The trade conflict between the U.S. and China began after the Chinese Communist Party (CCP) started dealing unfairly with Western businesses. The American government under Donald Trump had to eventually take countermeasures to offset the balance. Unfortunately, it is the ordinary folks on both sides who suffer the most by the ongoing conflict.
According to Bank of America Merrill Lynch, the company’s U.S. consumer confidence indicator fell to 50.1 in September, the lowest reading in the indicator’s history. “The consumer appears to be rattled by the latest escalation in the U.S.-China trade war… The drop in confidence appears to be already having an impact on consumer demand,” the bank said in a note (Business Insider).
In August, the University of Michigan’s U.S. consumer sentiment index registered the largest monthly decline since December 2012. If the fall continues, it could translate into lower consumer spending, slowing sales for businesses, and rising unemployment. In fact, a survey conducted by UBS showed that American business owners could stop hiring if the trade war continues unabated. U.S. companies reportedly cut 10,000 jobs in August due to the uncertainties regarding the trade war.
A JP Morgan study estimates that the current tariffs on Chinese goods will force an average U.S. household to shell out an additional US$1,000 every year.

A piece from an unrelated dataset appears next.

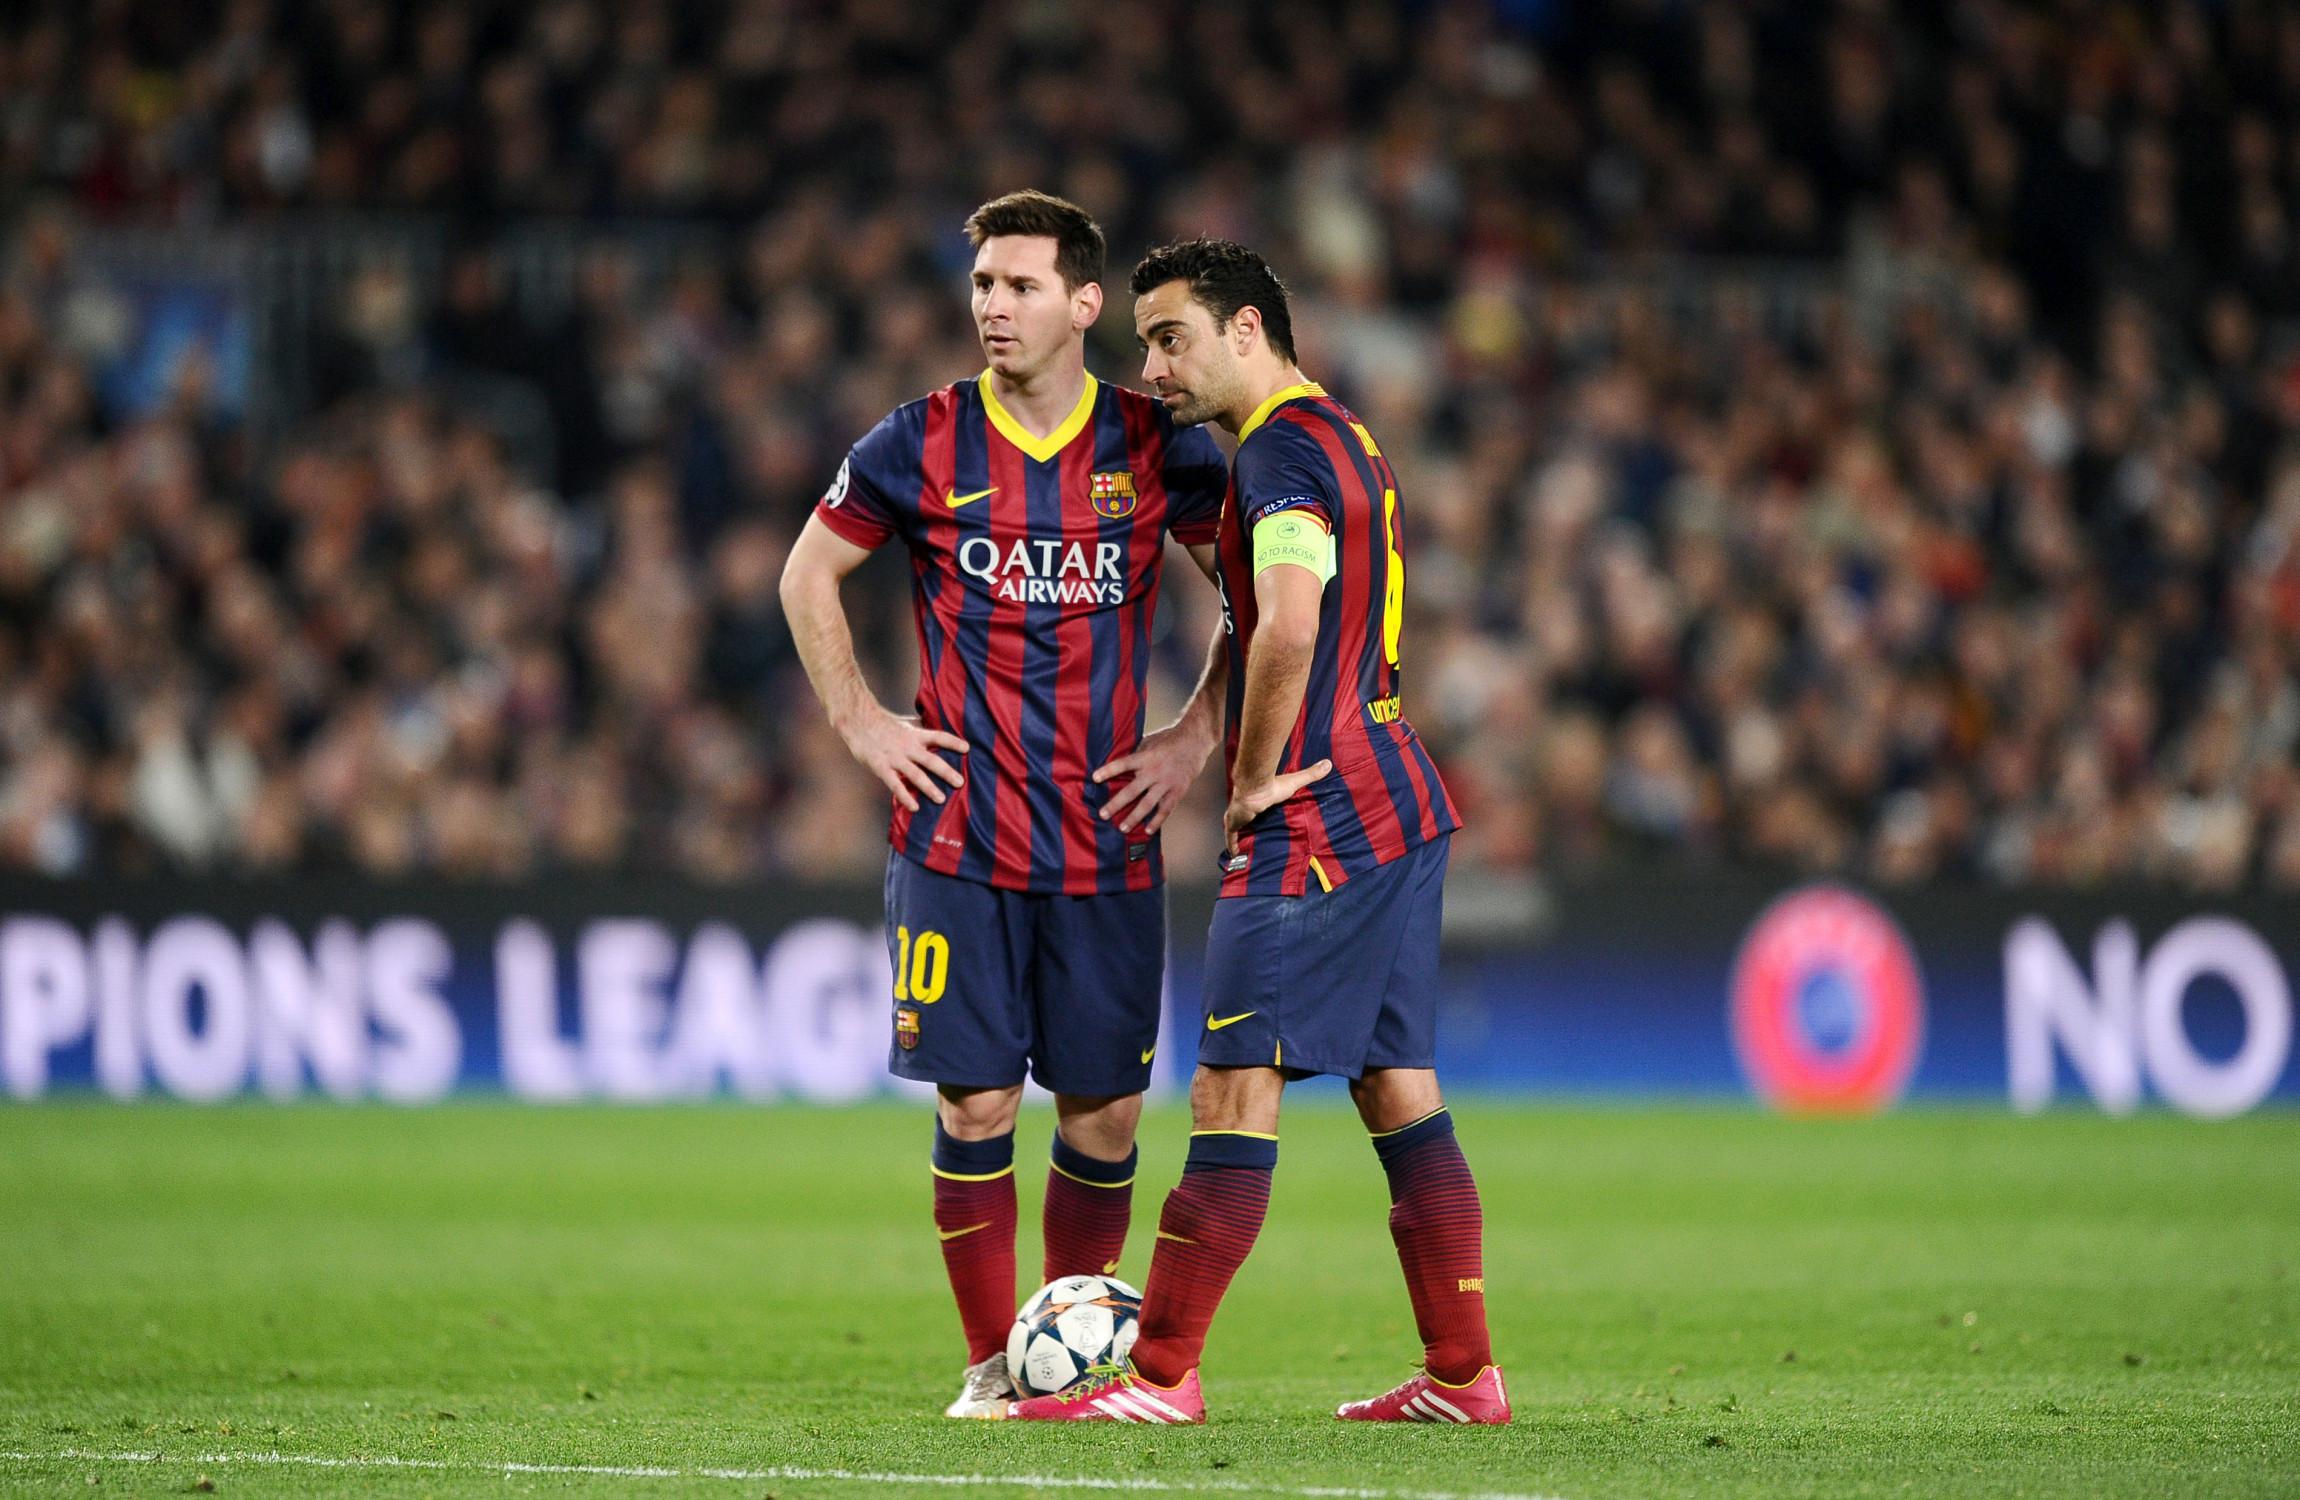 Xavi I got the feeling that Messi and Mascherano did not enjoy

Given that the tariffs were raised from 10 to 15 percent on September 1, the expenditure of American households will rise even further. The IHS Markit flash index, which measures America’s manufacturing conditions, fell below the 50 point mark for the first time since the Great Recession of 2008-2009.
“We have got a great economy… But I do think that the uncertainty caused by volatile tariff situation and this developing trade war could jeopardize that strength and that growth, and that is, I think, that’s a legitimate concern,” Senator Pat Toomey said to ABC News.
Effects on China
Consumer confidence in China has also been low ever since the trade war began. Data from the National Bureau of Statistics shows that retail growth in the country slowed down tremendously to 4 percent. According to eMarketer, Chinese retail growth is now expected to average out at 3.5 percent for the year, far below the 7.5 percent rate it had expected last year. China’s housing market has remained lackluster, car sales have declined, and stock market prices have been muted. All this while the Yuan has been weakening against the U.S. dollar.

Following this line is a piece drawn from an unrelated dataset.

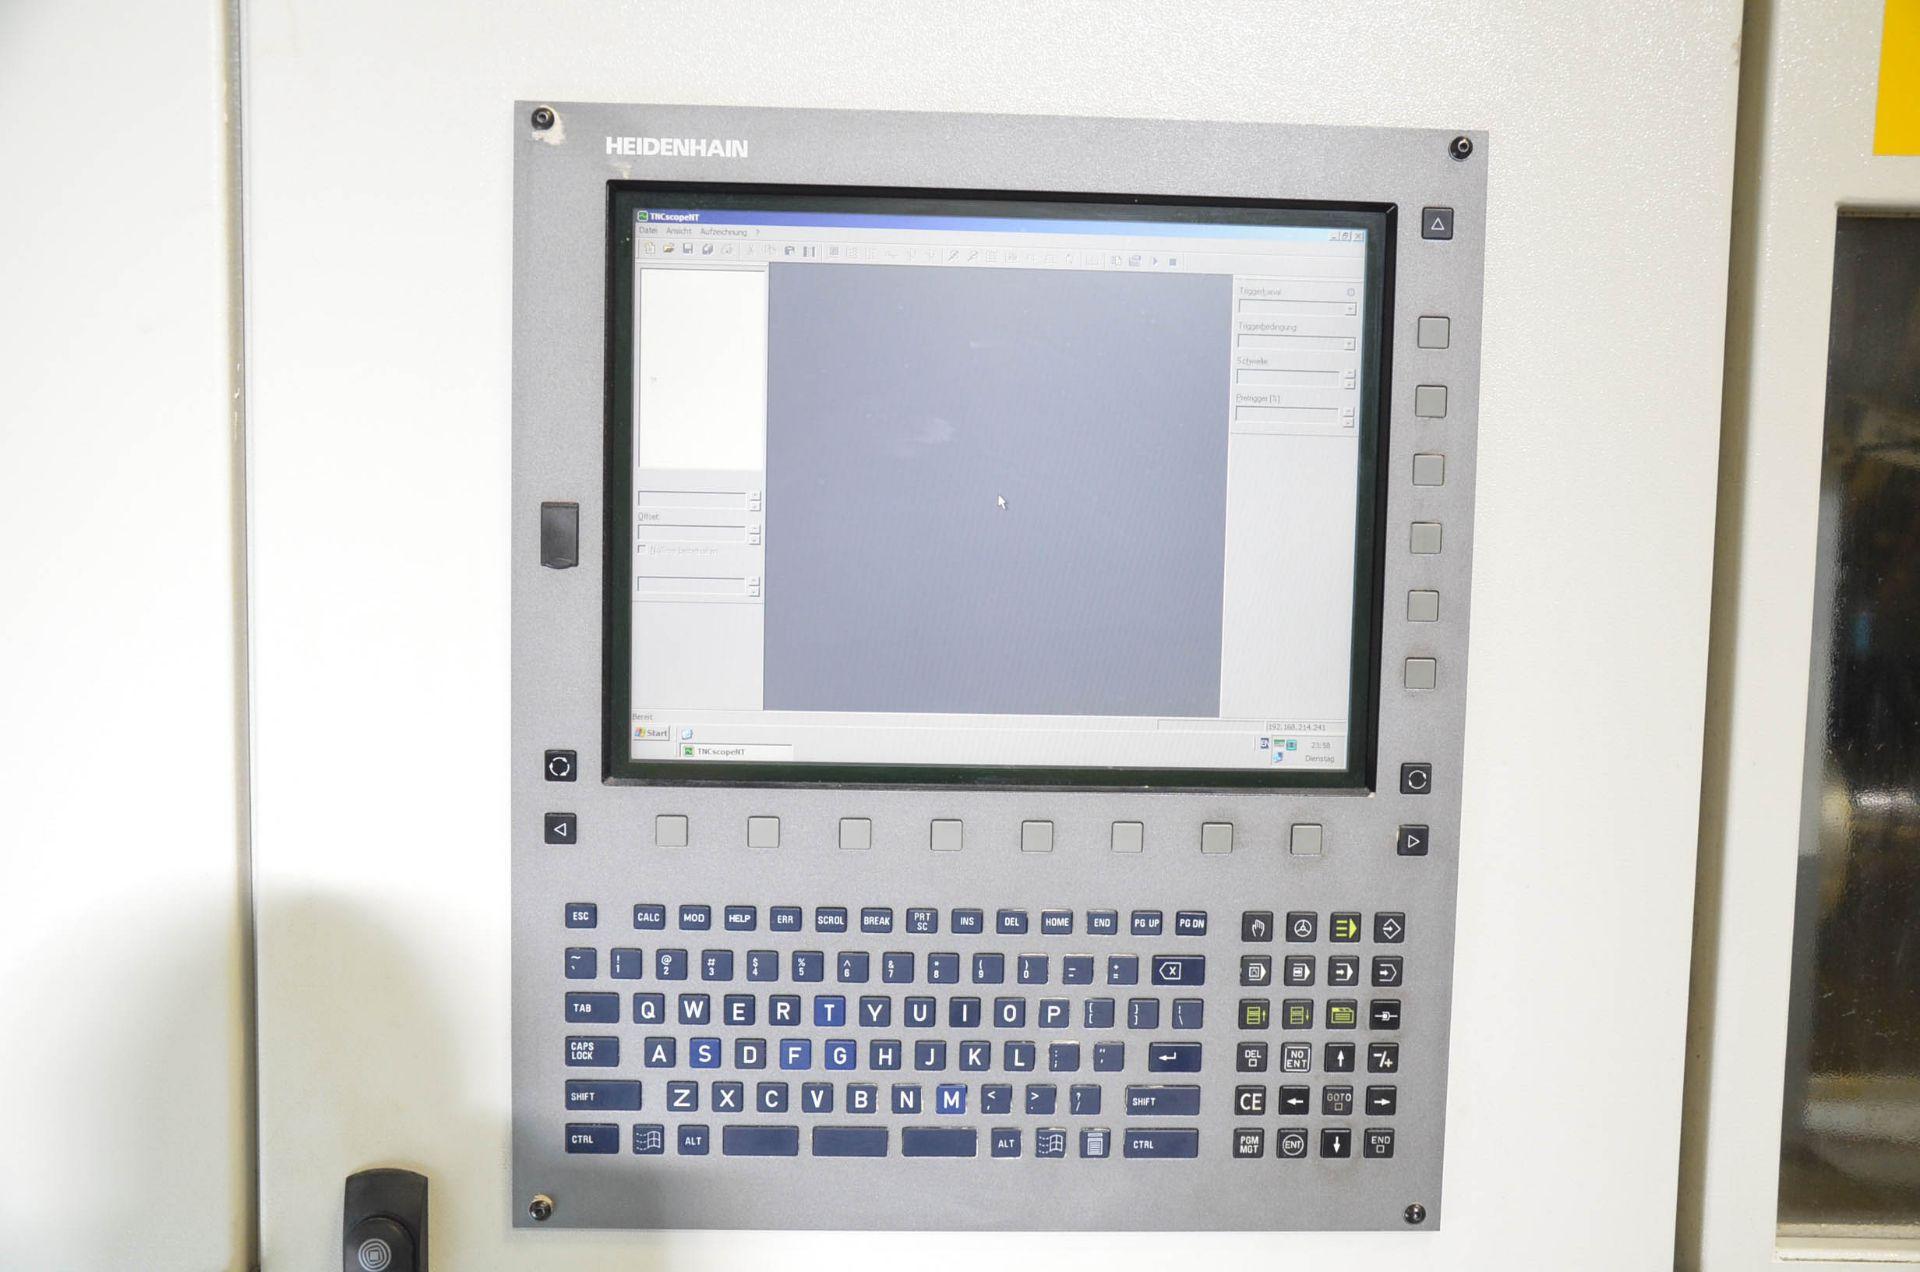 "GROB (2012) G350 5-AXIS CNC MACHINING CENTER WITH HEIDENHAIN ITNC 530 CNC CONTROL, 22.25"" DIAMETER - Image 11 of 12"

Some economists now believe that China’s GDP growth might even fall to around 5 percent next year if the situation continues. “If Beijing can hit consumers’ sweet spot with the right mix of tax cuts, spending incentives, and easy credit, the government has a much better chance of saving GDP growth from sliding towards the 5 percent mark over the next year. China needs a quick-acting Goldilocks solution in which future economic stimulus is neither running too hot nor too cold,” according to the South China Morning Post.
According to Bloomberg Economics, the U.S.-China trade war could shave off 0.6 percent from the global GDP by 2021. Using an economic simulation model from the World Trade Organization, a team of economists predicts world GDP to fall up to 2 percent (US$1.75 trillion) by 2022. The value of exports and real income are expected to decline by 17 and 2.25 percent respectively during the period. To put this into context, the financial crisis of 2009 triggered a 2.1 percent fall in global GDP.